REQUIRED WORK >>
Return the following data exactly, with all pictures left out.

DATASET EXTRACT >>
=== Begin Enclosure ===

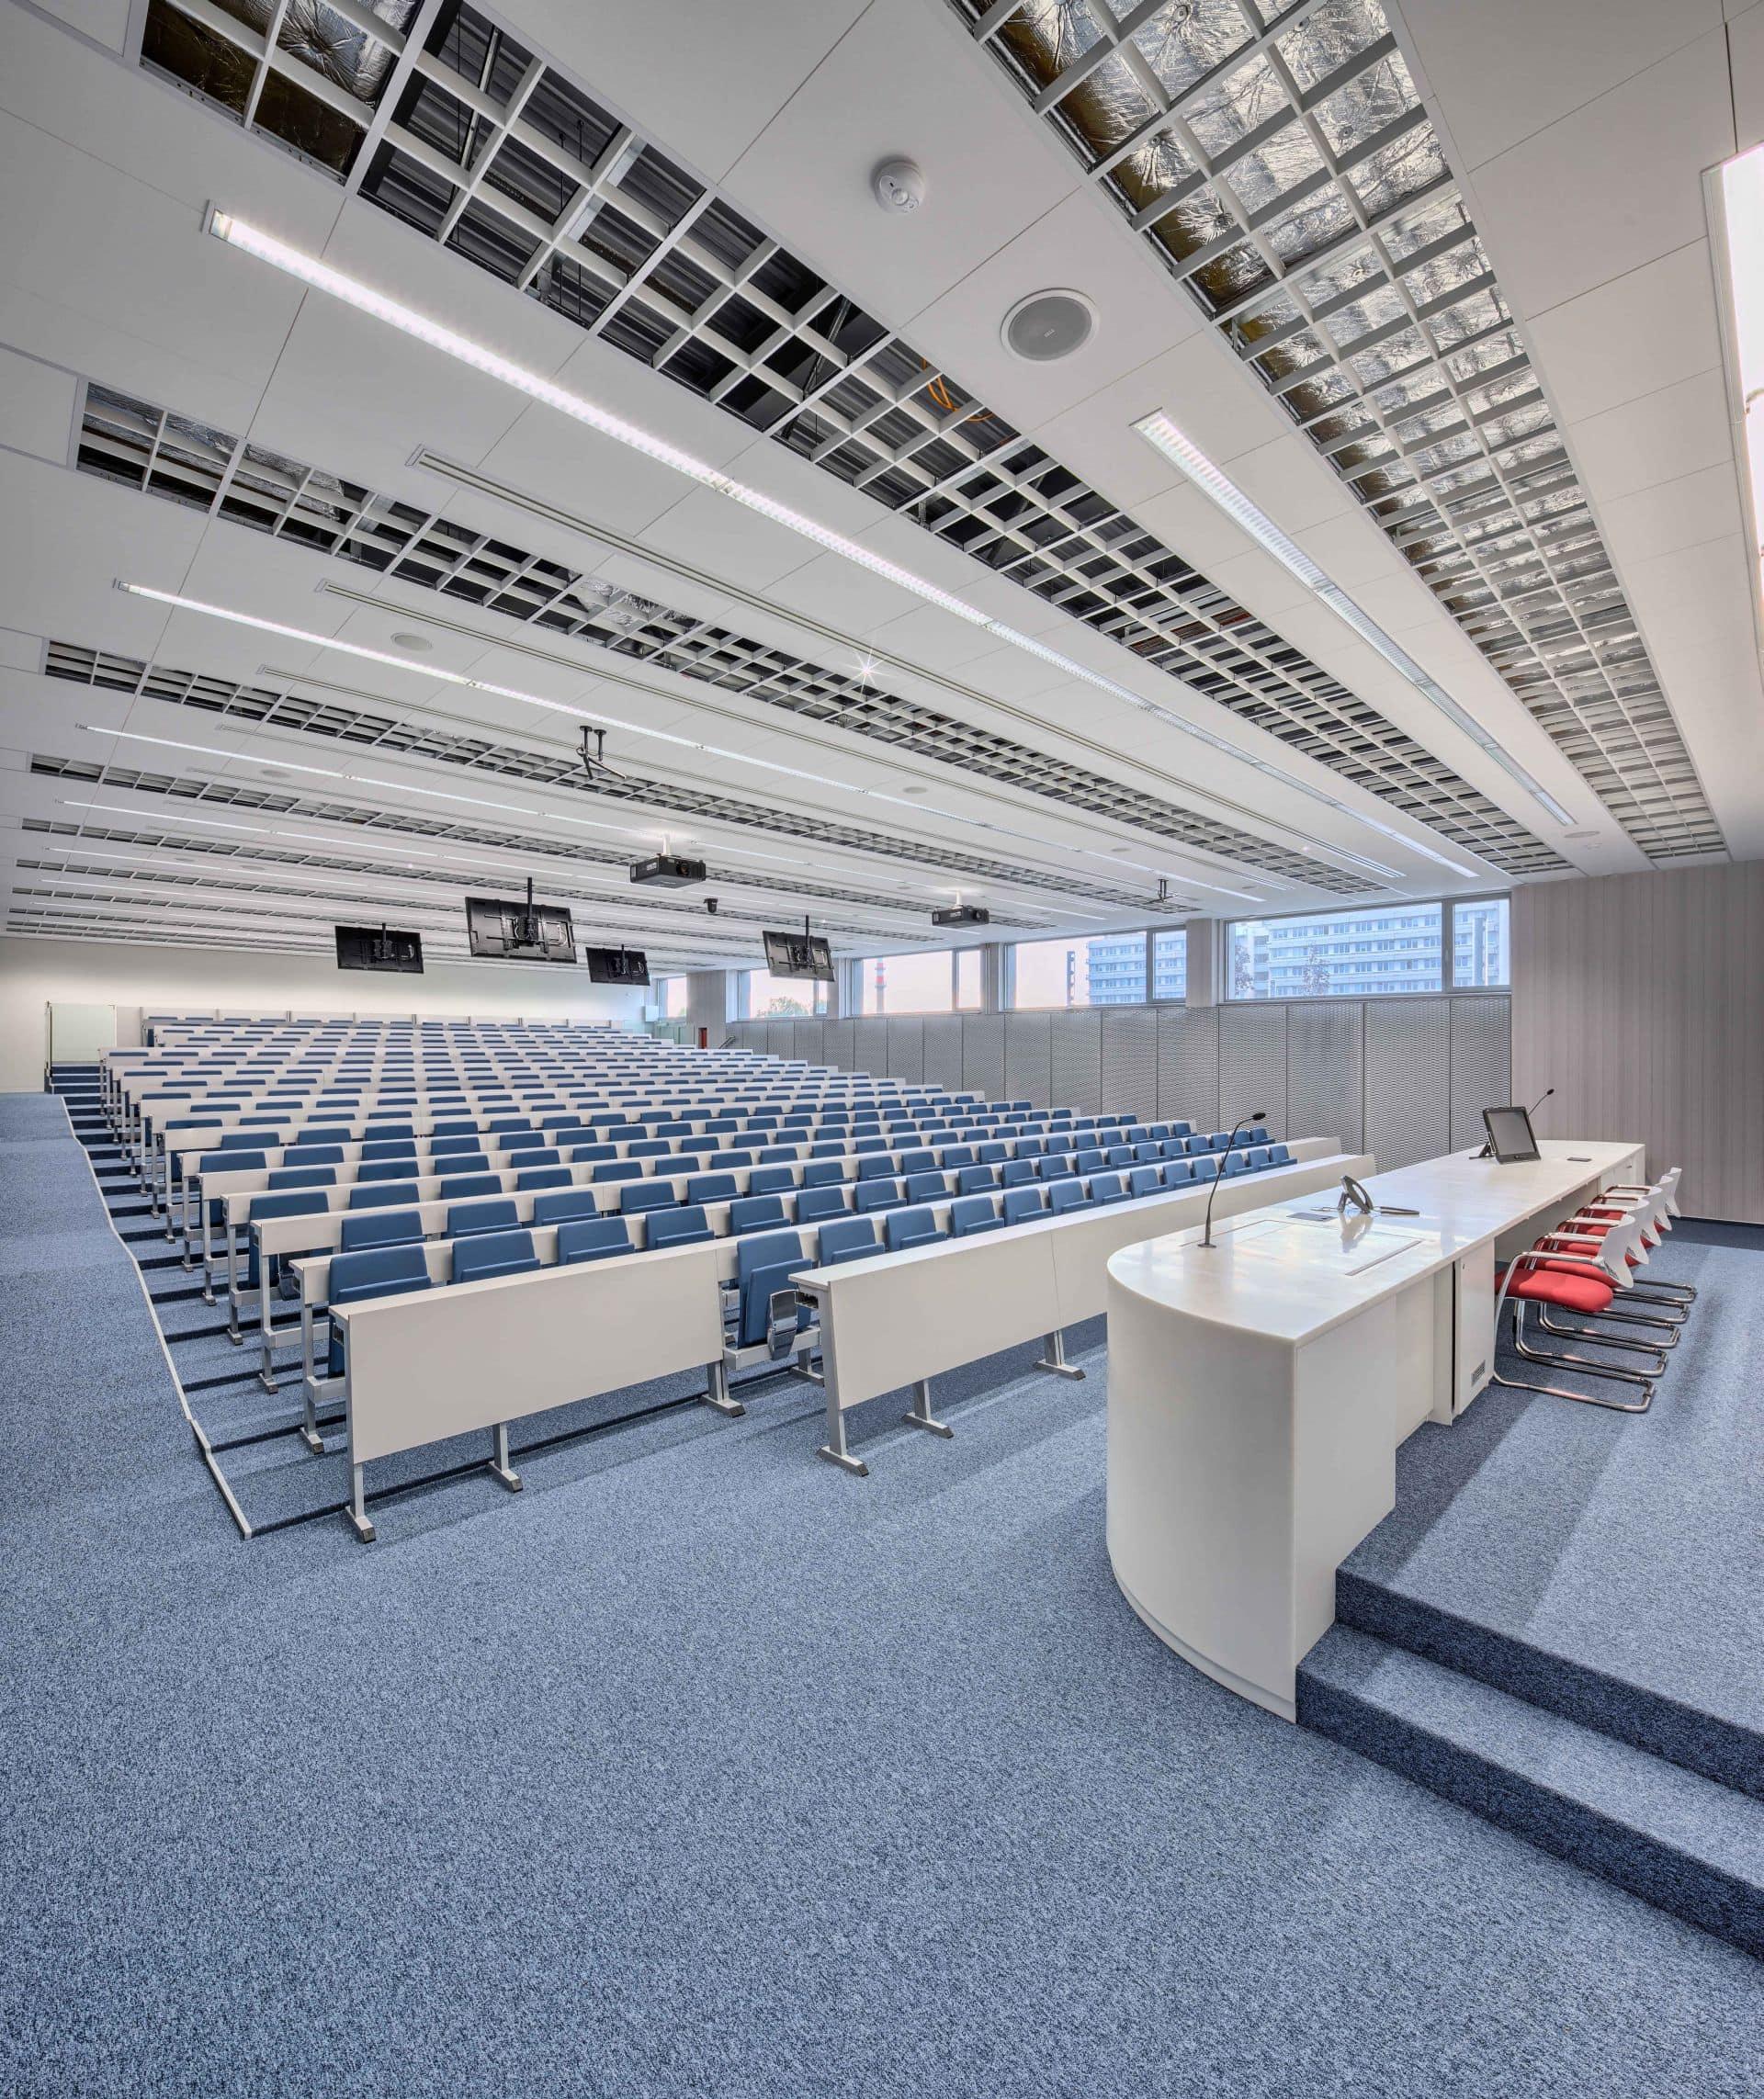 Ateneo 2.014, University of Hradec Králové
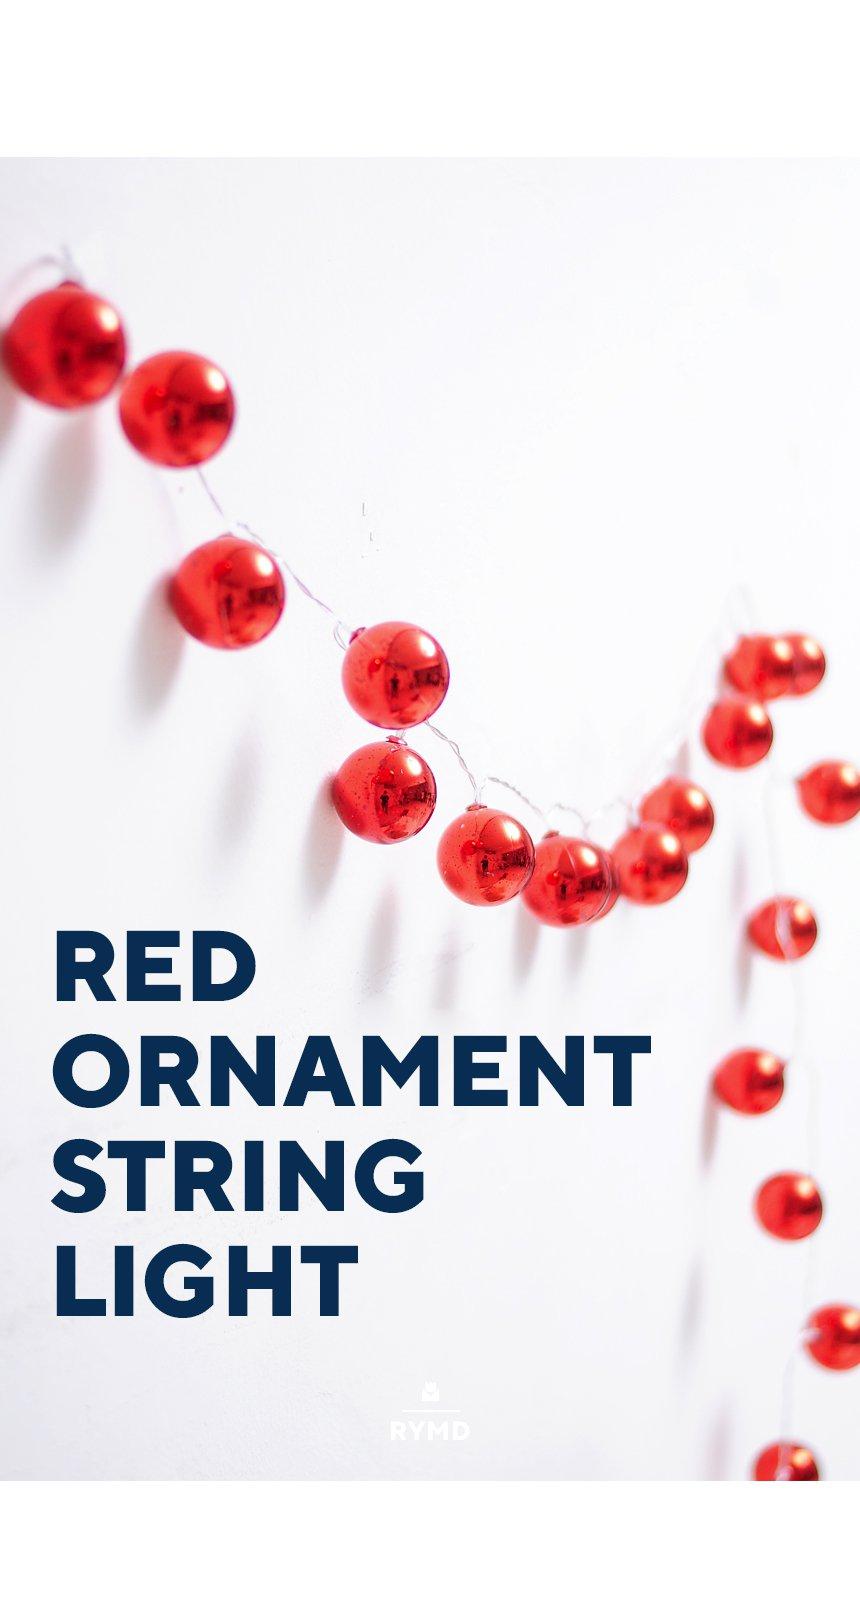 CHRISTMAS_RED_ORNAMENT_STRING_LIGHT_08.jpg
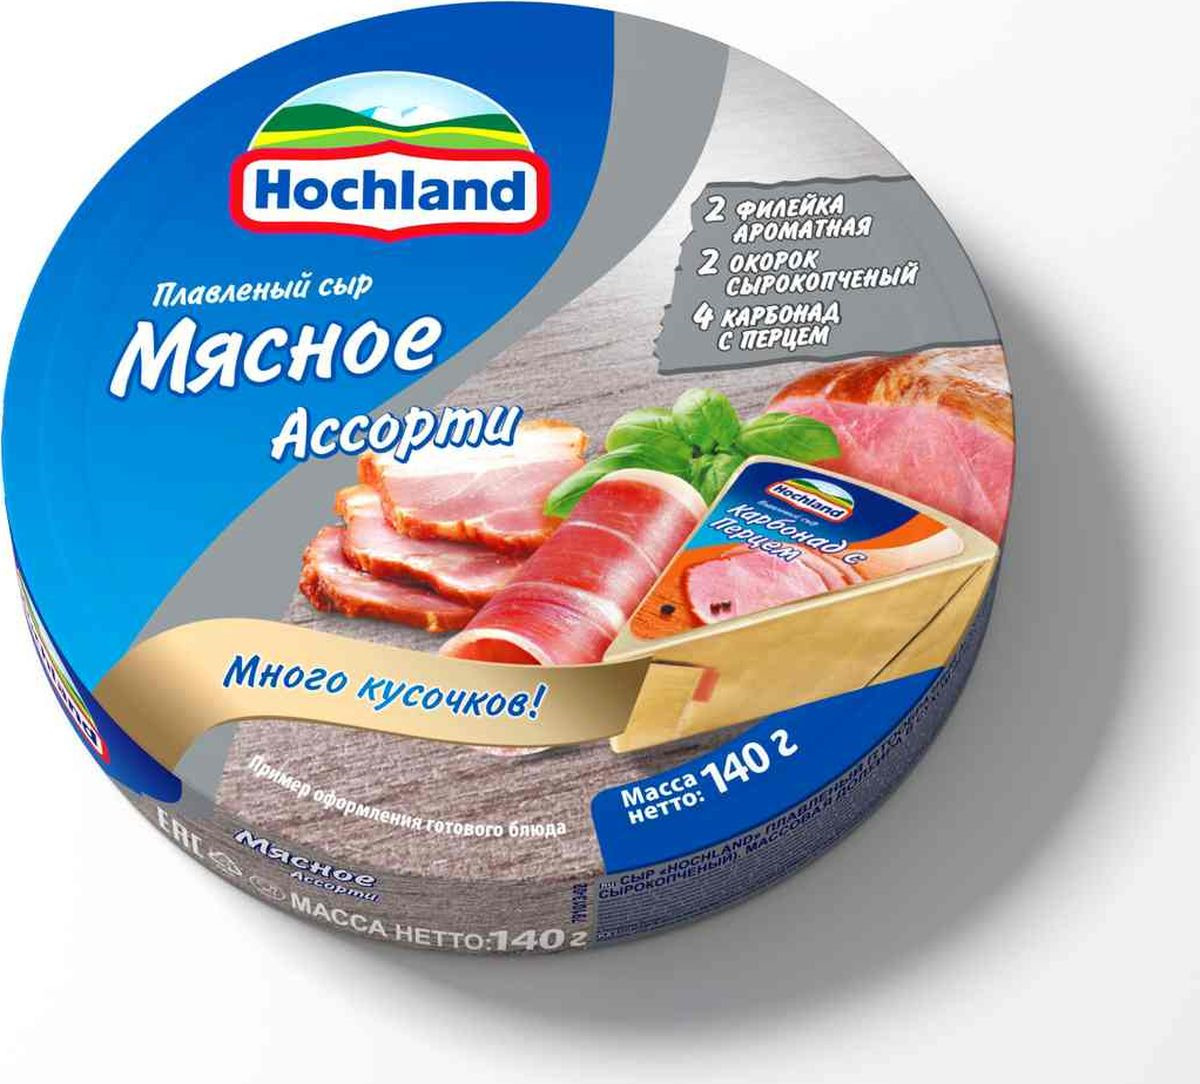 Плавленый сыр Hochland Ассорти Мясное, 140 г
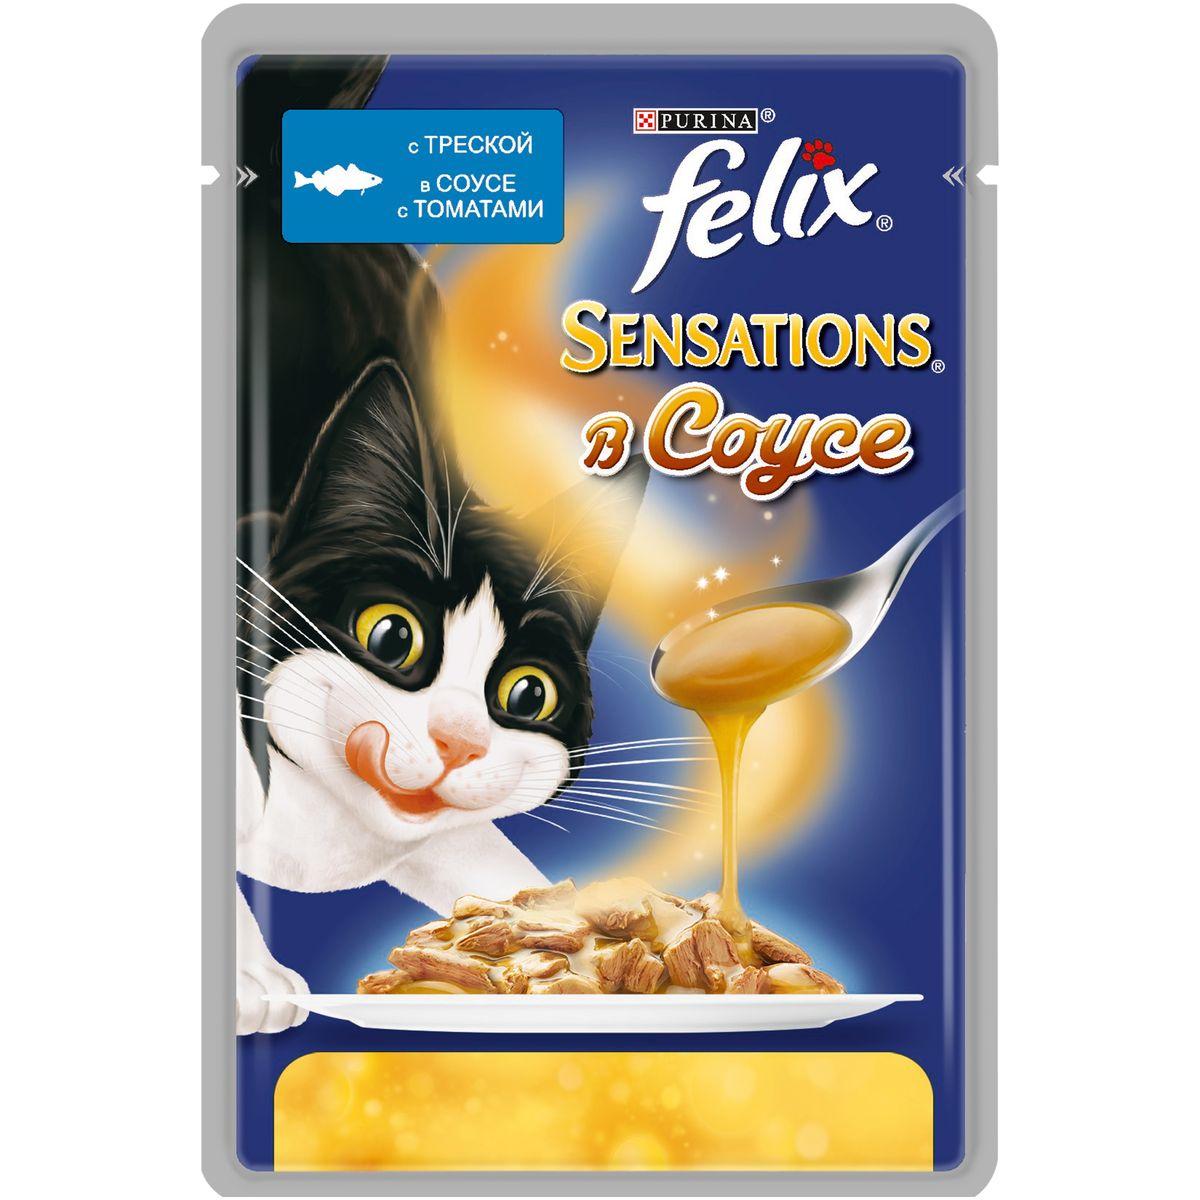 Консервы для кошек Felix Sensations, с треской в соусе с томатами, 85 г7613034957894Консервы для кошек Felix Sensations - консервированный полнорационный корм для взрослых кошек, с треской в соусе с томатами. Корм Felix Sensations - это необыкновенно вкусный корм для кошек с нежными мясными кусочками в соусах с разными вкусами для неожиданных вкусовых ощущений. Вам питомец не сможет устоять перед аппетитным внешним видом, ароматом и вкусом этого потрясающего корма. Корм содержит Омега-6 жирные кислоты, а также правильное сочетание белка и витаминов для полного удовлетворения ежедневных потребностей вашей кошки.Состав: мясо и продукты переработки мяса, экстракт растительного белка, рыба и продукты переработки рыбы (треска 4%), минеральные вещества, сахара, красители, витамины. Добавленные вещества (на 1 кг): витамин А 780 МЕ; витамин D3 120 МЕ; витамин Е 17 МЕ; железо 9 мг; йод 0,22 мг; медь 0,7 мг; марганец 1,7 мг; цинк 16 мг; таурин 490 мг; ароматизатор бекона 30 мг. Гарантируемые показатели: влажность 79%, белок 13,2%, жир 3,2%, сырая клетчатка 0,1%, сырая зола 2,3%, линолевая кислота (Омега-6 жирные кислоты) 0,4%.Энергетическая ценность (на 100 г): 81 ккал. Товар сертифицирован.

=== End Enclosure ===

ANSWER SECTION >>
 Ateneo 2.014, University of Hradec Králové
 CHRISTMAS_RED_ORNAMENT_STRING_LIGHT_08.jpg
 Плавленый сыр Hochland Ассорти Мясное, 140 г
 Консервы для кошек Felix Sensations, с треской в соусе с томатами, 85 г7613034957894Консервы для кошек Felix Sensations - консервированный полнорационный корм для взрослых кошек, с треской в соусе с томатами. Корм Felix Sensations - это необыкновенно вкусный корм для кошек с нежными мясными кусочками в соусах с разными вкусами для неожиданных вкусовых ощущений. Вам питомец не сможет устоять перед аппетитным внешним видом, ароматом и вкусом этого потрясающего корма. Корм содержит Омега-6 жирные кислоты, а также правильное сочетание белка и витаминов для полного удовлетворения ежедневных потребностей вашей кошки.Состав: мясо и продукты переработки мяса, экстракт растительного белка, рыба и продукты переработки рыбы (треска 4%), минеральные вещества, сахара, красители, витамины. Добавленные вещества (на 1 кг): витамин А 780 МЕ; витамин D3 120 МЕ; витамин Е 17 МЕ; железо 9 мг; йод 0,22 мг; медь 0,7 мг; марганец 1,7 мг; цинк 16 мг; таурин 490 мг; ароматизатор бекона 30 мг. Гарантируемые показатели: влажность 79%, белок 13,2%, жир 3,2%, сырая клетчатка 0,1%, сырая зола 2,3%, линолевая кислота (Омега-6 жирные кислоты) 0,4%.Энергетическая ценность (на 100 г): 81 ккал. Товар сертифицирован.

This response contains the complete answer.